Thermal microscopy of active semiconductor devices.

摘要

Thermal effects in semiconductor electronic and optoelectronic devices are literally a hot topic. Exacerbated by the increasingly fine scale of modern micro-structures, problems can range from shifts in device characteristics, long term reliability issues, up to catastrophic device failure. Quite simply, without consideration of thermal management, most modern semiconductor devices will fail. Thermal measurement techniques are equally important to provide feedback to the design engineers. Many methods can be employed, but high-resolution thermal measurements on the submicron scale of modern devices is non-trivial. After reviewing different techniques, the non-contact thermoreflectance technique is used for investigating thermal phenomena in active semiconductor devices. With the use of visible illumination the spatial resolution is improved over typical infrared techniques.

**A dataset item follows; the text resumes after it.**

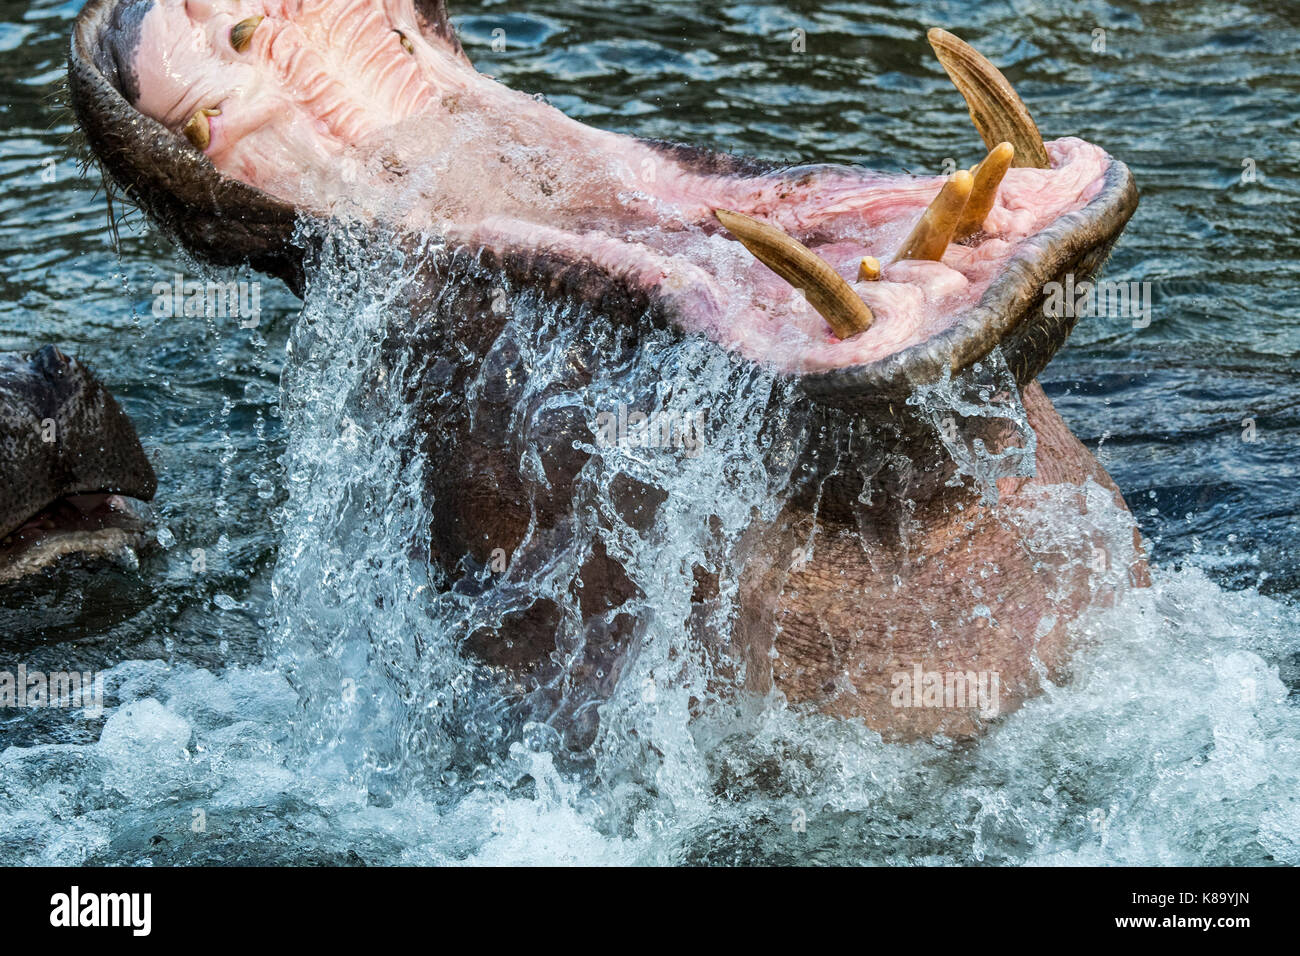 Gemeinsame Flusspferd/ hippo (Hippopotamus amphibius) im See Ansicht des riesigen Zähne und großen Eckzahn Hauer in weit geöffneter Mund Stockfoto

Work progressed from laser point measurements to line scans, to direct thermoreflectance imaging acquired with a high resolution PIN array camera with custom-designed 256-channel lock-in amplifier system. Key results include measurements of cooling distribution in SiGe, SiGeC and InP-based heterostructure thermionic micro-coolers, thermal runaway in electroabsorption modulators, heating distribution in distributed feedback lasers, and the heat transfer across a single nano-wire. In addition, using a below bandgap energy laser, thermoreflectance has been demonstrated through several hundred microns thick substrate, allowing for thermal measurements of devices from the backside. This thesis describes the design of the thermoreflectance imaging system, the physics behind the effect and results obtained on various micro-scale devices.